Nella sentenza in oggetto, gli Ermellini hanno espressamente riconosciuto che al giudice è consentito assumere come parametri di riferimento le Tabelle utilizzate nei diversi Tribunali della Repubblica, fermo restando l’obbligo di motivare la disapplicazione di quelle in uso nel proprio ufficio. Né a tal fine è sufficiente il generico richiamo ai «criteri medi di liquidazione adottati in sede distrettuale», ciò che ha indotto a ritenere non adeguata la motivazione fornita dalla Corte d’appello in sede di liquidazione del danno al ricorrente.

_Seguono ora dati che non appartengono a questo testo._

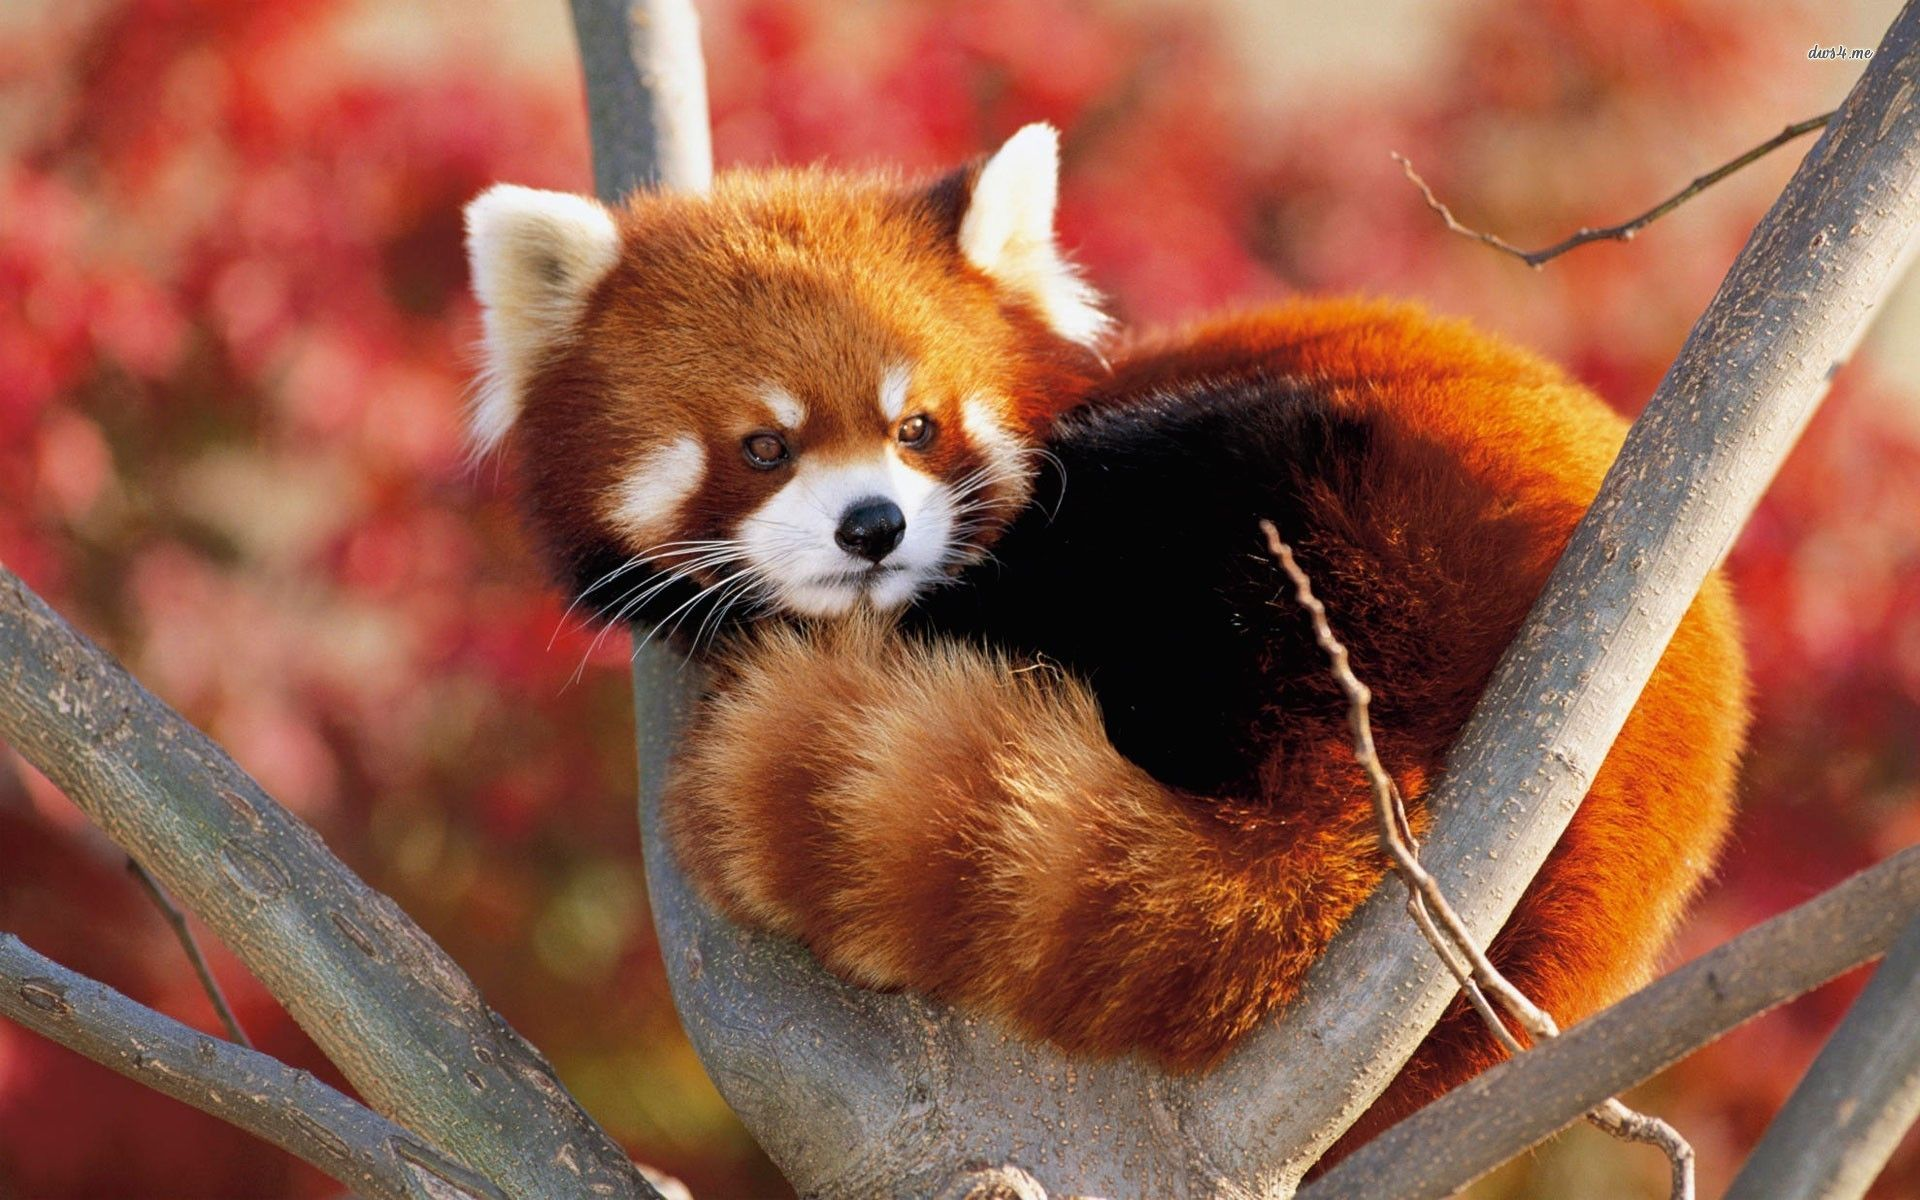 17 Red Pandas To Get You Through Finals Red Panda Cute Red Panda Red Panda Baby

Nella fattispecie concreta non si pone, invece, alcun problema di eventuale applicabilità delle Tabelle del Tribunale di Milano, cui pure la Cassazione ha riconosciuto valenza generale di parametro di conformità della valutazione equitativa del danno nella sentenza 12408/2011. In detta sentenza si affermava, in particolare, che i valori di riferimento per la liquidazione del danno alla persona adottati da quel Tribunale devono essere applicati su tutto il territorio nazionale, rappresentando essi un valore da ritenersi equo, ovvero in grado di garantire la parità di trattamento e da applicare, come tali, in tutti i casi in cui la fattispecie concreta non presenti circostanze idonee ad aumentarne o ridurne l’entità.

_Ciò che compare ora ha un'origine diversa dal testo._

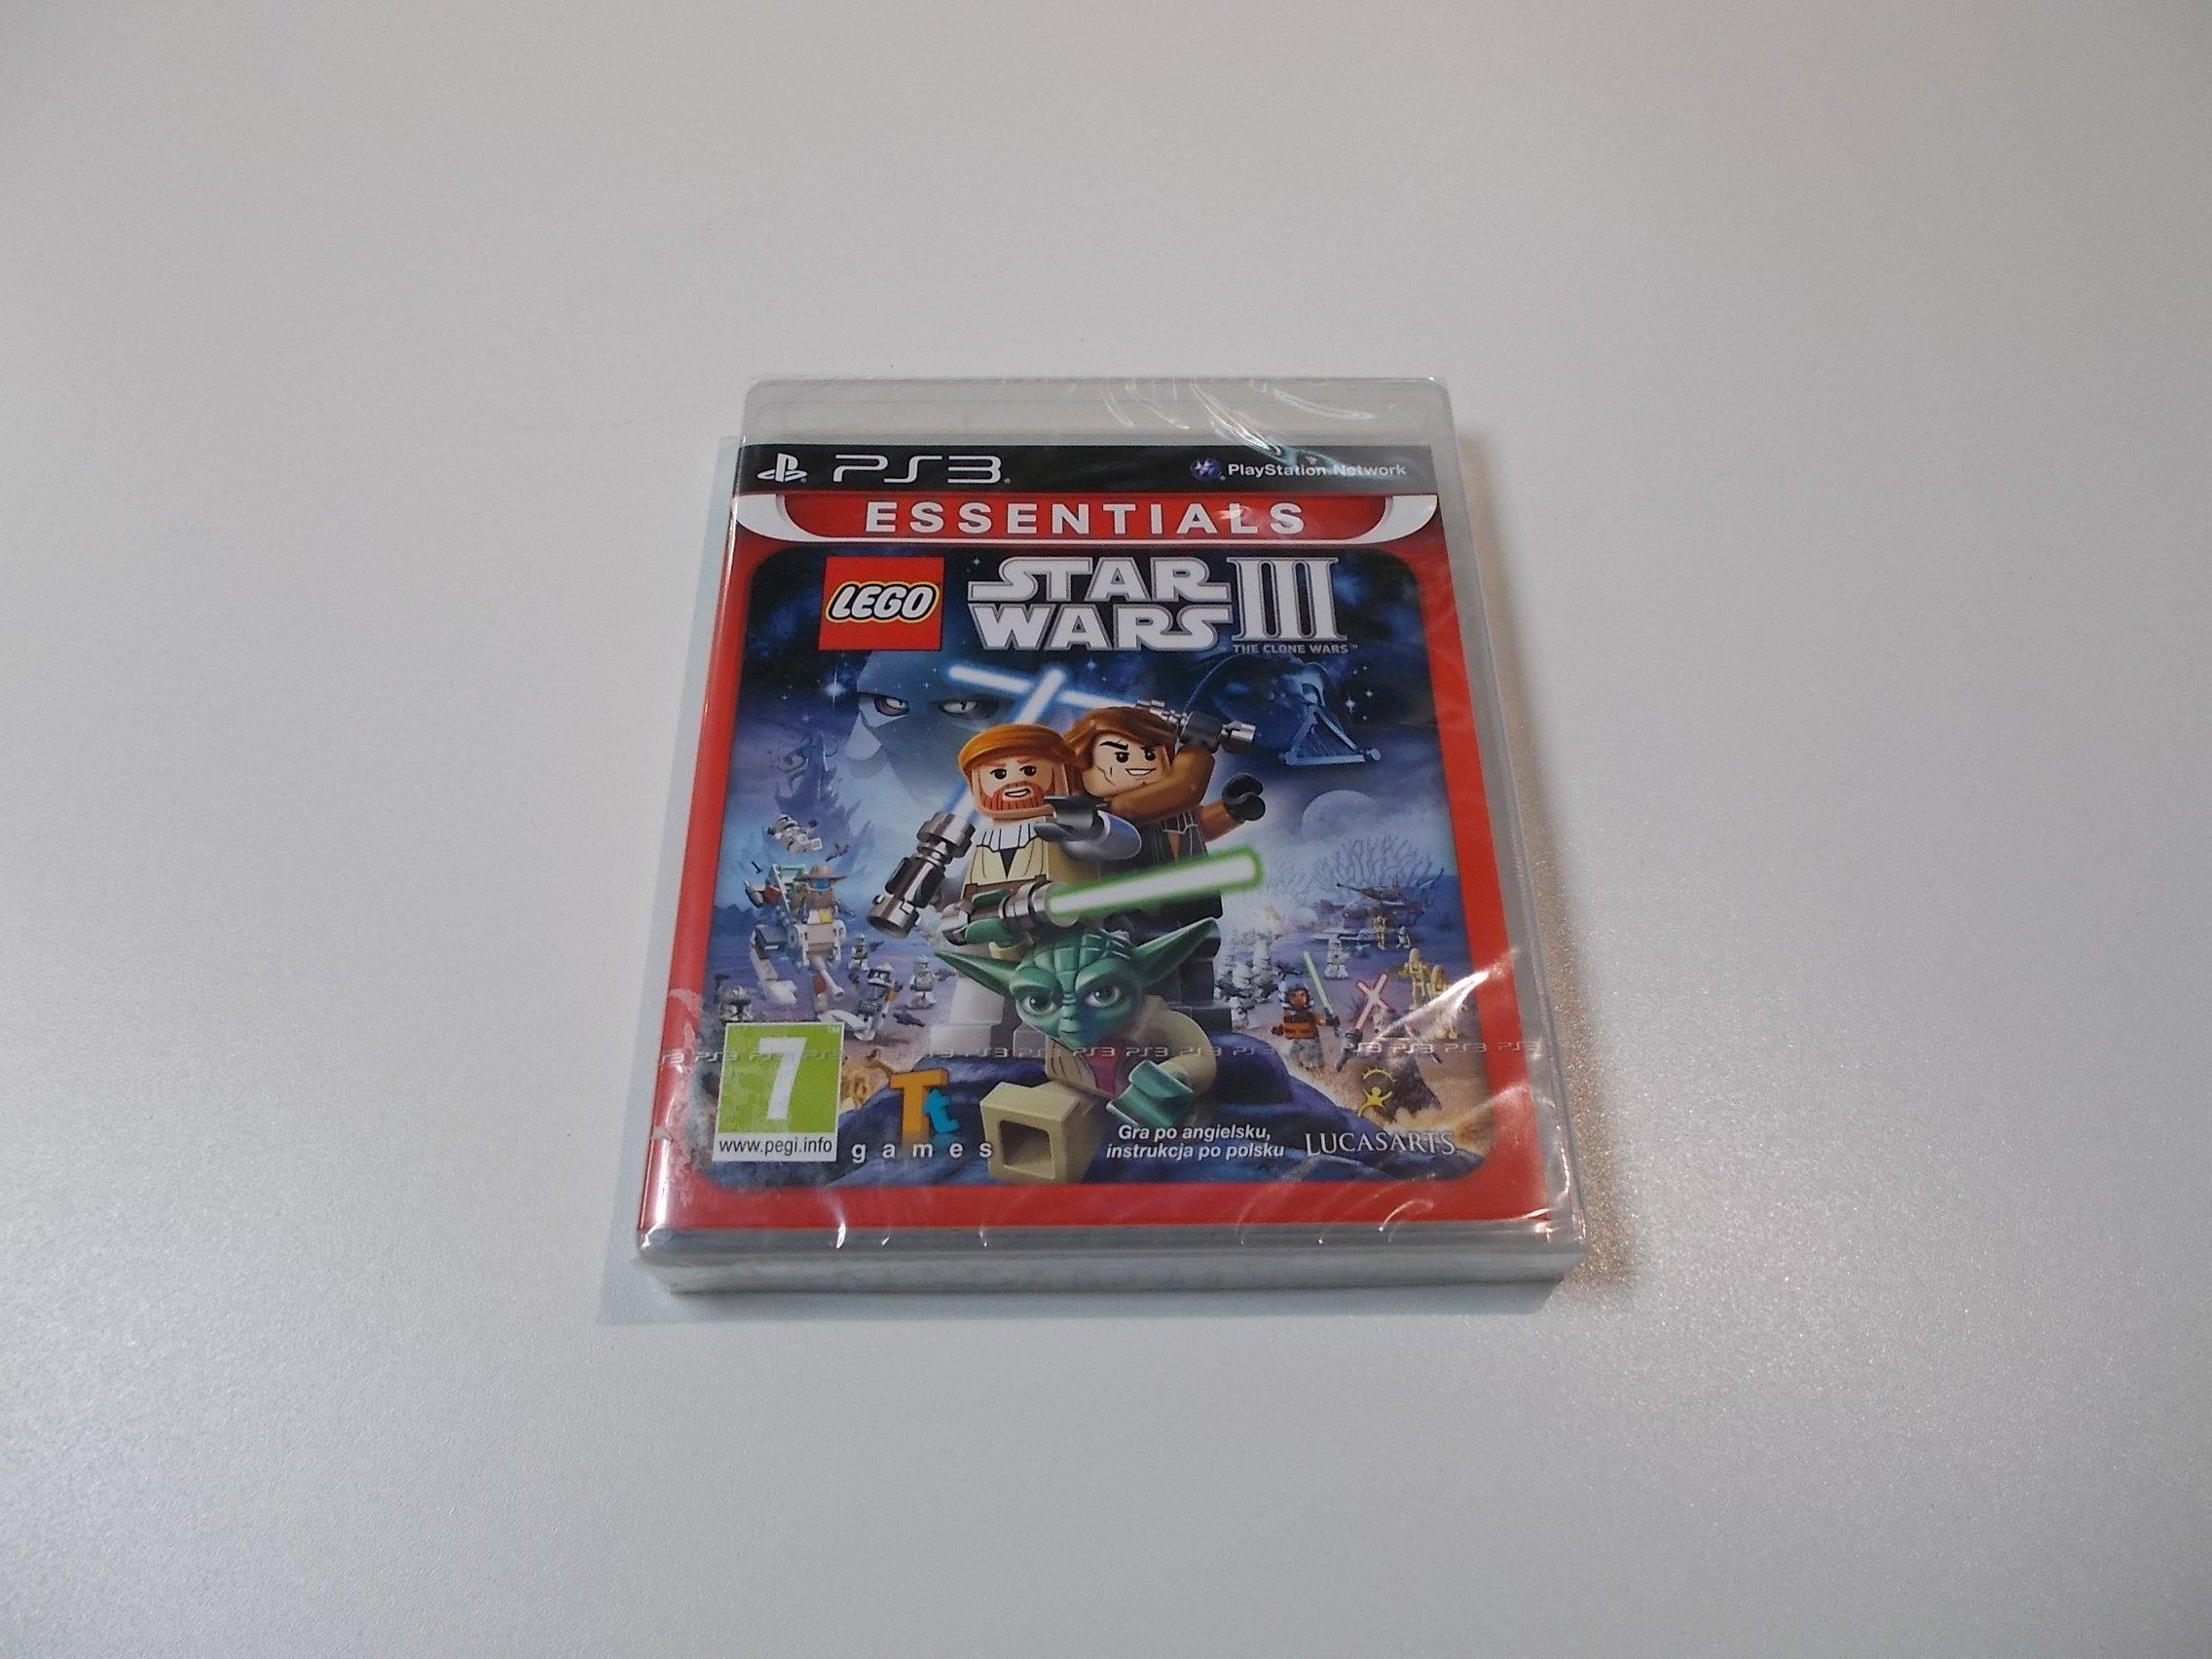 LEGO Star Wars III 3 the clone wars - GRA Ps3 - Opole 0408

L’odierna pronuncia si pone, piuttosto, nella medesima direzione già tracciata da Cass. 16866/2011 che, a poca distanza dalla sentenza rivoluzionaria, immediatamente precedente, è tornata sul tema, affermando come il giudice che intenda discostarsi dai valori in uso nel suo ufficio per utilizzare quelli predeterminati e standardizzati in uso presso altre sedi deve adeguatamente motivare tale scelta (vedi l’articolo su questo stesso sito). L’obbligo di motivazione specifica si impone in quanto le Tabelle in uso nei vari Tribunali sono elaborate in relazione alla media dei risarcimenti liquidati in loco, rispecchiando i valori, anche economici, del territorio.